Having obtained salvation, Paul was rejected by his past (Jews) but his future (Christians) was highly sceptical about accepting him which is understandable because he used to kill Christians. Have you ever been in a situation where who you were yesterday is making it difficult to transition into who you ought to be tomorrow?

One of my biggest regrets in life is not having lived up to my fullest potential in my studies. I regret allowing myself to be average. There is a brick wall of intelligence ignorance that came with the decision to be average and it is a wall that has been making my transition into being knowledgeable very complicated. So who I was is hindering with who I want to be and it’s all so complicated.

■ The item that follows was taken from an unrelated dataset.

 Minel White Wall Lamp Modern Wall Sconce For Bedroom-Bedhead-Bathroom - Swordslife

I found it odd for Paul to think himself happy when he was put before king Agrippa (Acts 26:2). But I’ve come to understand that Paul was given the opportunity to give his testimony to a man who came from a family of not so Christian loving people. Paul was given an opportunity to speak the truth that was his testimony to someone who had no reason to be compassionate to him. He was given an opportunity to confront that which would have been one of his past lifes highest moments and he thinks himself happy because he may have seen who he would have been and praised God for who he was.

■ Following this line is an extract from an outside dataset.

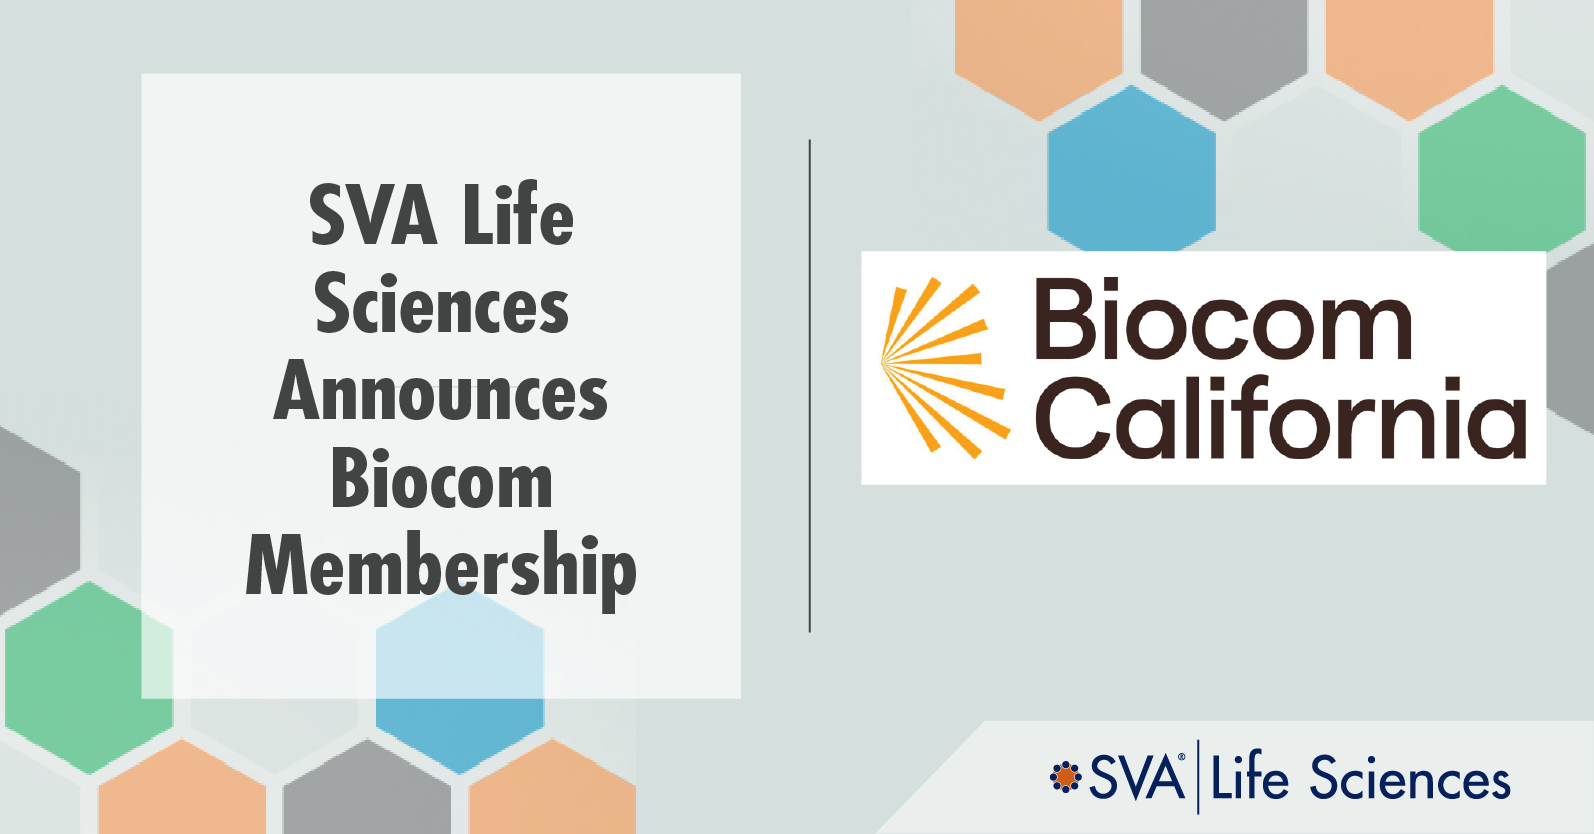 SVA Life Sciences Announces Biocom Membership

As a new creation, that which truly is complicated is allows an opportunity for God to come in and glory. Therefore I stand before this brick wall of regret in my life and I speak the truth that is my testimony and that truth is that God loves me, He loves me He loves He loves me He loves, He cares, He loves me He loves me He loves me…and every time I confess that a brick falls off and another and another and another…because you see it may be complicated but my God is bigger than that! Jesus Culture put it nicely when they sing “I don’t have time to maintain these regrets when I think about the way He loves me.” Key word there being maintain; to cause or enable a situation to continue. Until you confess the Truth over your situation you are enabling it to continue. So when this brick wall comes and tries to stop me from being joyous and peace filled I have to stop providing for its existence and start confessing that no weapon formed against me shall prosper and that when the enemy comes like a flood, the spirit of the Lord shall lift up a standard against him.

Sometimes you look over your shoulder and try to explain to people where you come from but the only words that come out of your mouth are It’s Complicated. Sometimes you try to make sense of what just happened so you can pick yourself up and dust yourself off but all you can say is It’s Complicated. Know this one truth, it may be complicated but God is bigger than that!!!